Security

Kidnappings for ransom drop to new low in Pakistan

By Javed Mahmood

Pakistani troops conduct a raid in Gilgit-Baltistan August 21. They arrested two suspected terrorists. [Courtesy of ISPR]

Pakistani troops conduct a raid in Gilgit-Baltistan August 21. They arrested two suspected terrorists. [Courtesy of ISPR]

ISLAMABAD -- The number of kidnappings for ransom in Pakistan has dropped to the lowest level in nine years because of on-going military operations against militants, security analysts say.

The incidence of kidnapping for ransom by militants began rising in 2007 and peaked in 2014, before plummeting in 2015 and 2016, according to the Islamabad-based think tank Pakistan Institute for Conflict and Security Studies (PICSS).
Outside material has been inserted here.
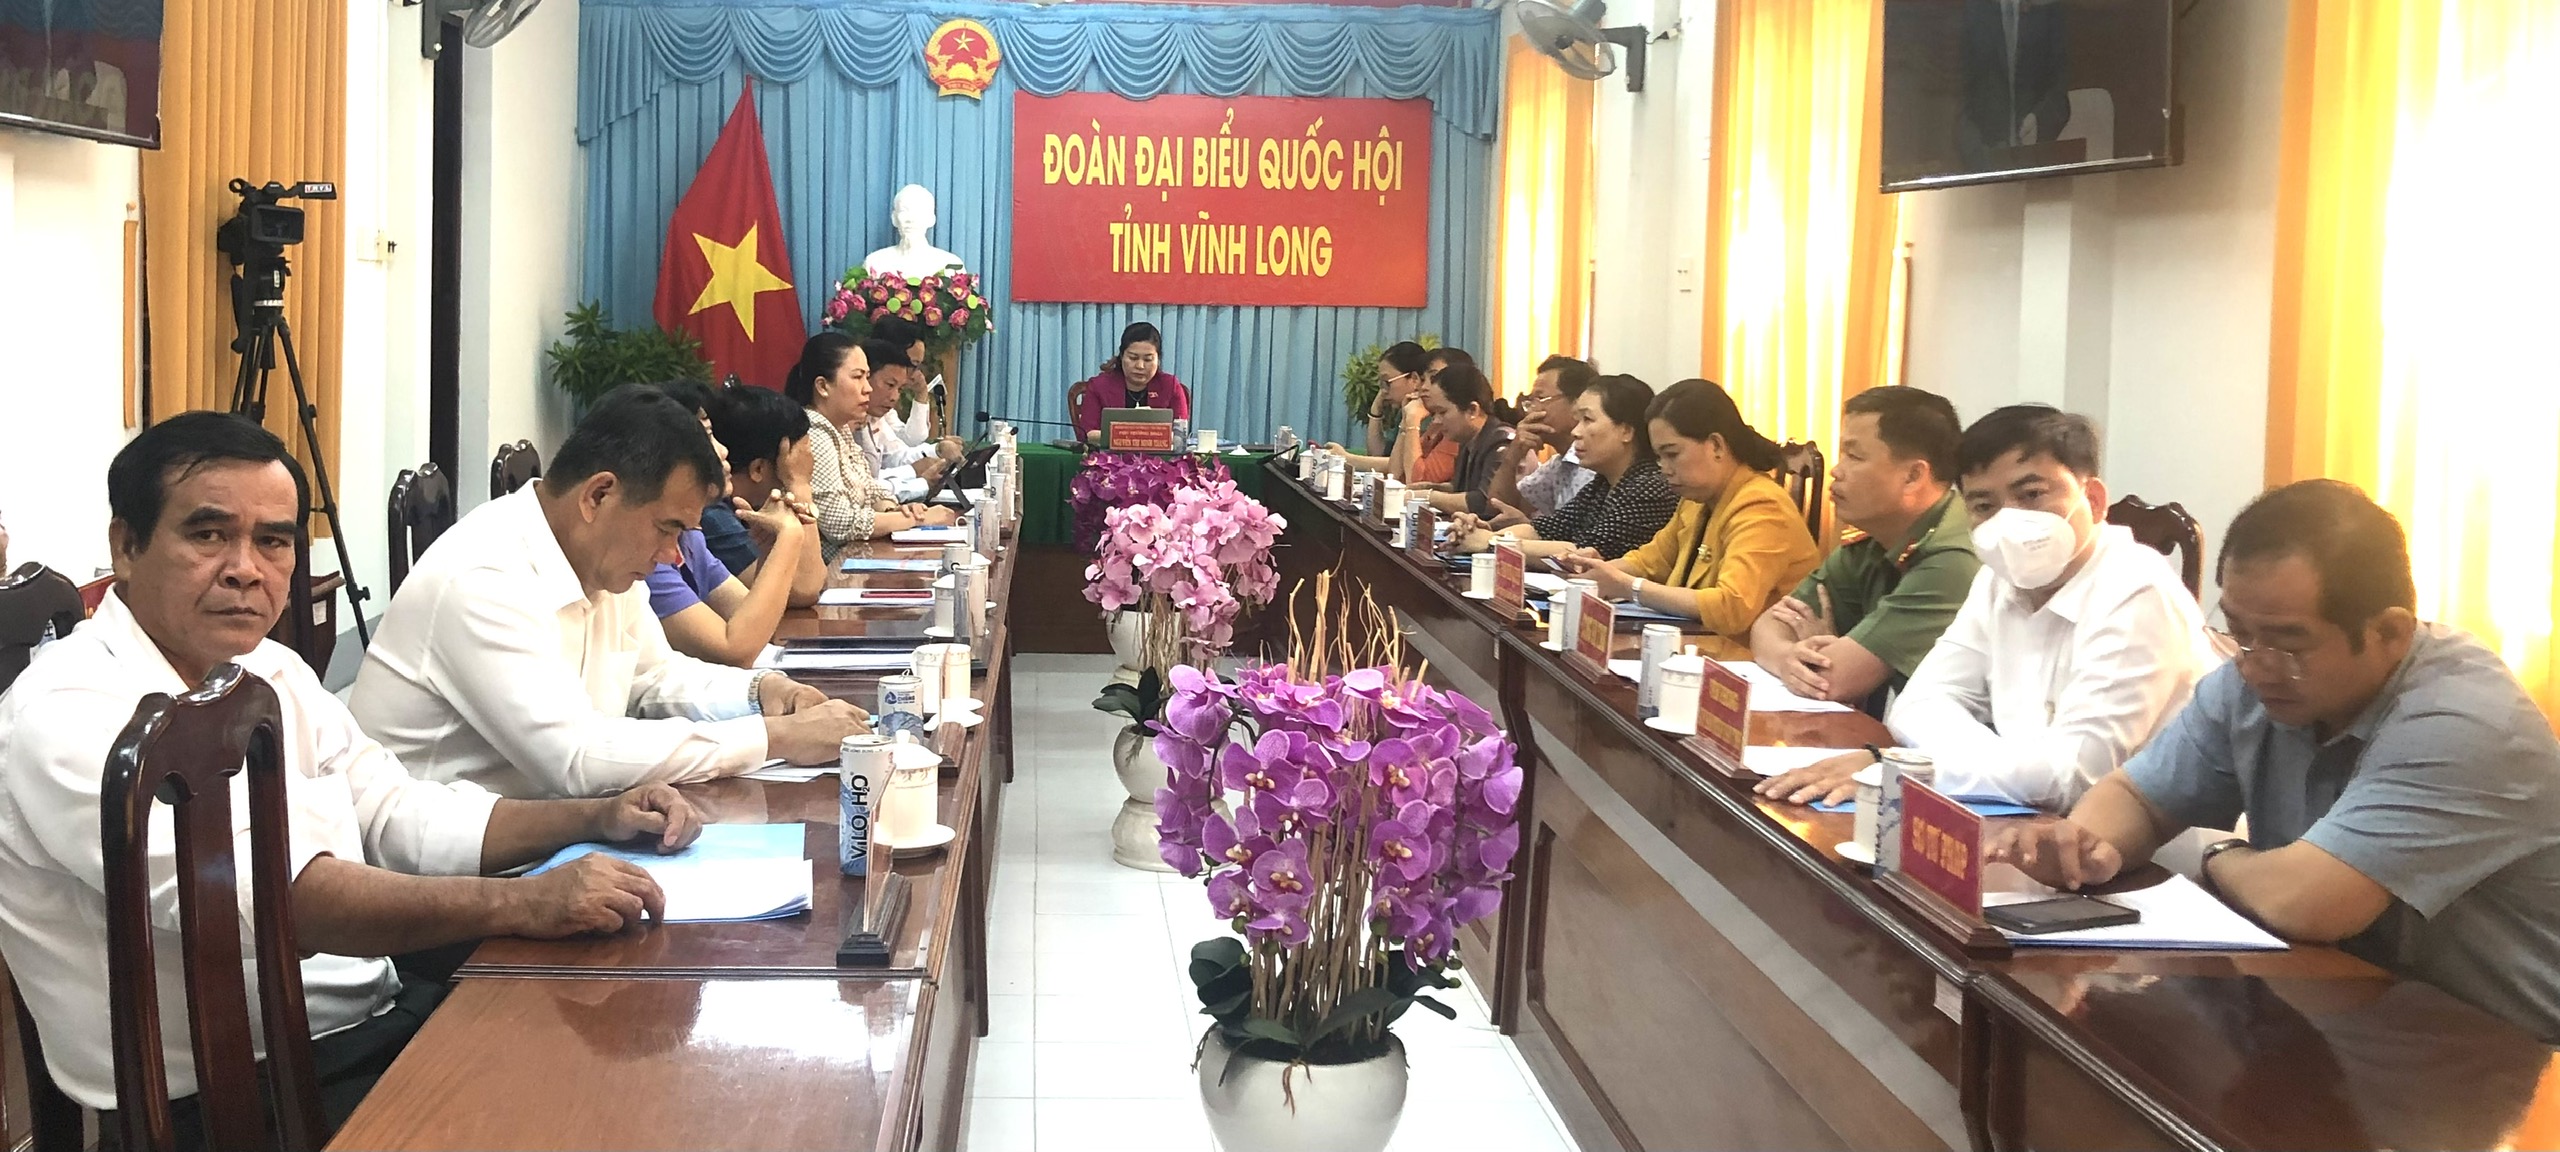 Đoàn Đại biểu Quốc hội đơn vị tỉnh Vĩnh Long tham dự phiên chất vấn và trả lời chất vấn.

Police recorded 1,510 abductions for ransom by militants in Pakistan from 2007 through May 2016, PICSS said. In 2014, militants perpetrated 355 such kidnappings, but in the first five months of 2016, only 46 such known cases occurred.

"Militants use kidnapping for ransom ... to generate money," the PICSS report said, adding that kidnapping has been a major source of income for militants in Pakistan.

"Militants face financial constraints when kidnapping for ransom activities are on the decline," the report added.

Militants had a variety of uses for kidnapping, PICSS said: bargaining with the government, seeking concessions, settling scores with rival militant groups and establishing their writ in certain pockets, it added.

"Military operation Zarb-e-Azb destroyed the command and control centre of Tehreek-e-Taliban Pakistan (TTP), al-Qaeda and their allied groups in North Waziristan, while security forces' intelligence-based operations in Karachi, Quetta, Rawalpindi, Lahore and other cities dealt a blow to the might and network of the militants," Abdul Khan, managing director of PICSS, told Pakistan Forward. "That led to a sharp drop in kidnapping cases."

The army launched Zarb-e-Azb in North Waziristan in June 2014. It continues today.

The TTP abducted residents of major cities like Peshawar, Karachi and Islamabad to raise money, Khan of PICSS said. Ransoms in some cases reached millions of rupees.

In some cases, brutal militants kidnapped more than 20 victims at a time and killed those whose loved ones could not raise the ransom, he said.

Now, with troops eliminating their ability to kidnap at will, the militants find their funding choked off, he added.

Other funding sources are choked off

One alternative, bank robberies, has become more difficult too, observers say.

"Militants robbed banks in Karachi to raise money for militancy, but the Karachi operation eliminated this source of income for the terrorists," Karachi-based security analyst Col. (ret.) Mukhtar Ahmed Butt told Pakistan Forward.

The para-military Rangers in September 2013 began a city-wide crackdown that continues today.

That operation wiped out militant strongholds in Karachi and minimised their ability to perpetrate kidnappings, he said.

However, keeping up the momentum requires security personnel and the government to allocate more resources and to step up co-ordination, he said.

In long-suffering Karachi, which endured kidnappings and other terrorism for years, residents welcome the improvement in security.

"The business community is feeling relieved after the crackdown on kidnappers and militants who used to extort money from businesspersons," said Rozina Jalal, chairwoman of the Federation of Pakistan Chambers of Commerce and Industry (FPCCI) committee on social security and special tasks.

"The Karachi operation has eliminated [those] networks of militants and gangsters," she said.

Street crimes against businesswomen, such as robberies, have declined significantly because of the progress in securing Karachi, she said.

FPCCI representatives frequently confer with security officials on ways to tighten security even more, she added.